Le dessin comme pratique multiple :
Lignes, composition, cadrage,
Ombre, obscurité, noirs, densité, grain,
En écho à la photographie,
Préparer sa feuille, la couper au couteau à viande,
Recouvrir de noir la feuille, à la main,
Poussières,
Recouvrir de ce noir les pages de vieux journaux…
De vieilles bandes dessinées collectées avec soins…
Puis découvrir, gommer, faire émerger…
Les bardes du papier sont comme un liseré échevelé, le contour flottant du dessin lui-même.
Il n’y a pas de limite, il n’y a pas de frontière, c’est le caractère indéterminé des lieux en suspens qui se diffuse aux espaces alentours. Le dessin opère de manière tentaculaire, déborde sur le mur qui l’environne, s’en empare… Anémone noire, douce et lisse matière sur le grain du rocher.
Dans la mise en retrait de la matière,
Dans la mise en lumière de détails signifiants,
Dans un mode opératoire que l’on pourrait qualifier de zen – tant il évoque la soupe japonaise de Roland Barthes, cuisinée juste, par la présence éparse de ses composants, formant constellation dans un bol.
Retrouver par le geste du retrait des matières adjacentes la ligne et sa puissance dans la forme explosante fixe d’un yucca de station balnéaire ; la truffe de Snoopy évoquée dans le retrait de la matière noire. Interroger les formes récurrentes, les bulles, les boucles, les gouttes… et toutes ces frisettes de dessinateur.
La ligne claire (de la bande dessinée), est questionnée, redessinée puis obtenue par le retrait lumineux de la magicienne, en hommage au trait de la BD des années 60-70.
Le photographe qui met en relief les lignes des espaces grâce à la lumière captée par l’appareil, le sculpteur qui découvre la forme contenue dans sa matière première, la dessinatrice-archéologue qui met à jour la matière même du papier par son geste de recouvrement, d’effacement ou de redécouverte,
Julie comme les réincarnations spirituelles de Walt Disney et Brassaï en conciliabule dans l’ombre et les mystères des aubes ou des crépuscules. Sa pratique à la fois ludique et dansante par son dessin qui se joue des références.
Objets manquants,
Cols de chemises,
Visages obscurs,
Inquiétude,
Je pense à :
Éloge de l’ombre – Junichiro Tanizaki
L’écriture des pierres – Roger Caillots
L’empire des signes – Roland Barthes
Le pas précède ou suit la main,
La marche comme pratique et usage de la ville,
Promenade productive, observer,
Danse / swing / dessin
Dessiner debout, en mouvement,
Les lieux perdus, abandonnés, désaffectés,
Zones périurbaines, chantiers, gares, routes…
Les confins urbains,
Je pense à :
Brassaï – Paris de nuit – livre mythique
La fée électricité, les halos, les reflets,
Les espaces fantomatiques,
La brillance des sols humides,
La texture des ciments et des crépis,
Glaner / glaneuse
Récoltes, récolter
Les objets perdus, abandonnés, oubliés,
Désaffection ?
Ramasser, récupérer, réutiliser…
Accumulation, reprise,
Naturellement, par cette extension de l’espace du dessin, Julie se déplace, et swingue du côté de l’installation qui est dessin dans le territoire et les surfaces orthonormées du white cube.

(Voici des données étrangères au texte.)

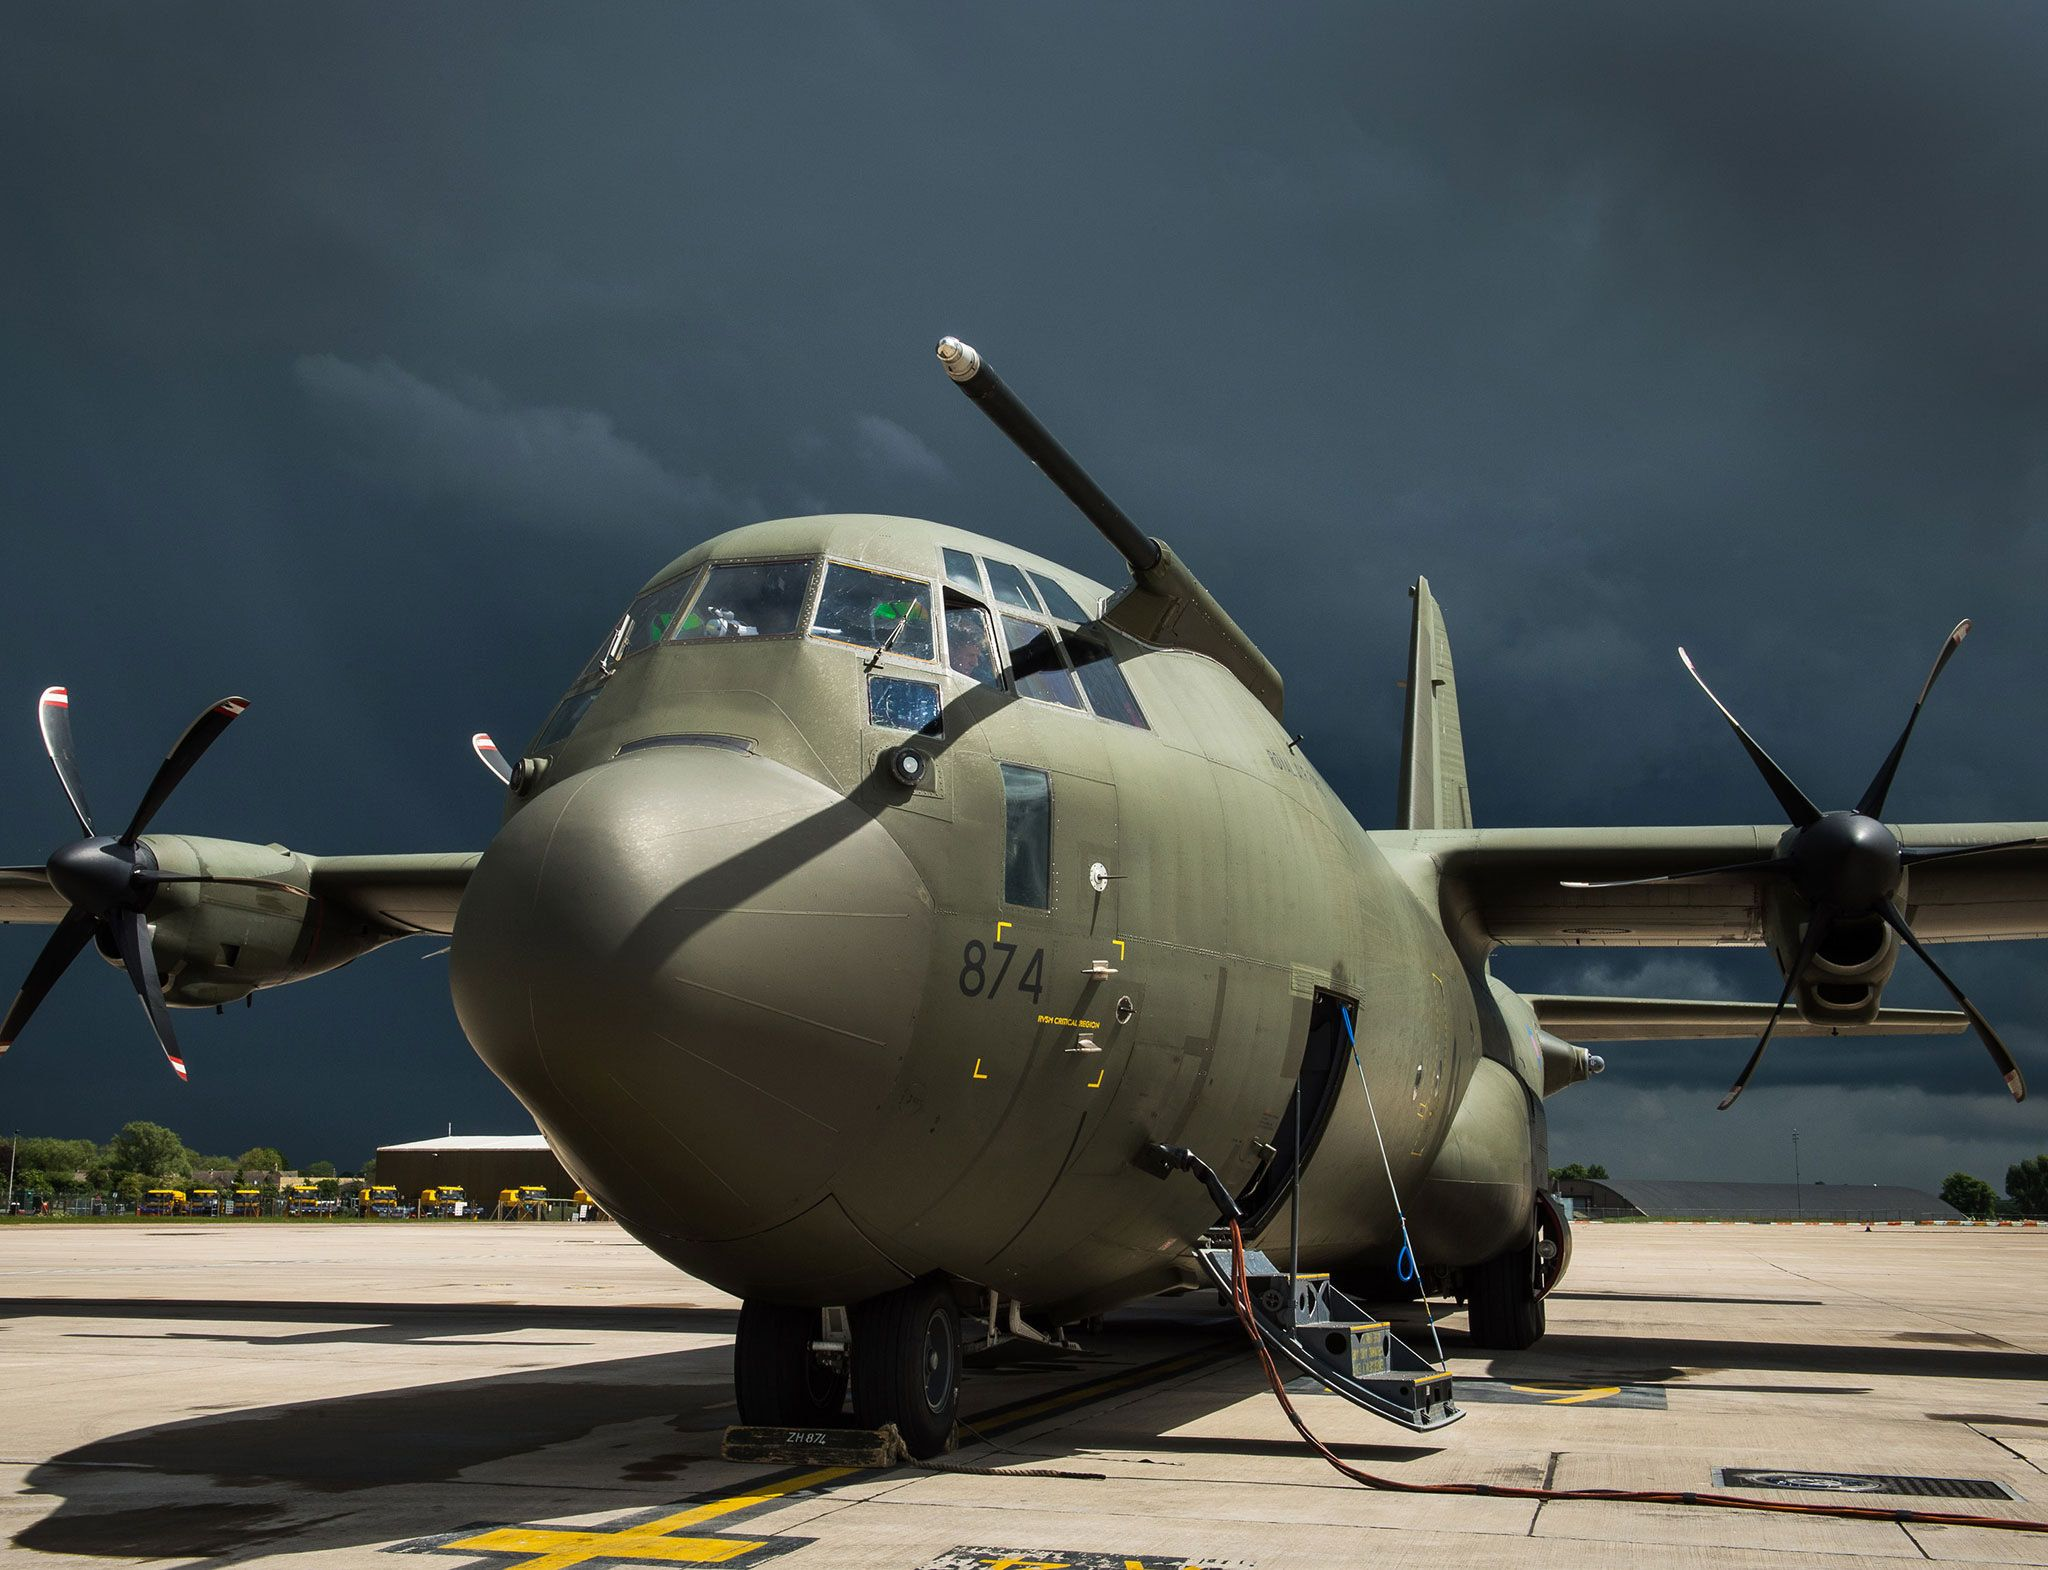 RAF C-130J RAF Brize Norton ,Photographer: Steve Lympany - RAF Brize Norton Photographic Section

Blocs de ciment, agglomérats de béton et de goudrons, graviers, chaussures, chewing-gum et surtout poulies pour répartir et déplacer les tensions ; pour qu’elles se mettent à raconter des histoires de dessinateur… Le dialogue en tensions entre les objets, les artefacts collectés sur les lieux des nombreuses promenades. Le câble, la ficelle, la corde comme ligne claire.
Burlesque et romantique,
Mélancolique et joyeuse,
Sportive et élastique,
Broyer du noir n’est pas une activité déprimante et torturée quand elle est pratiquée par Julie Béasse.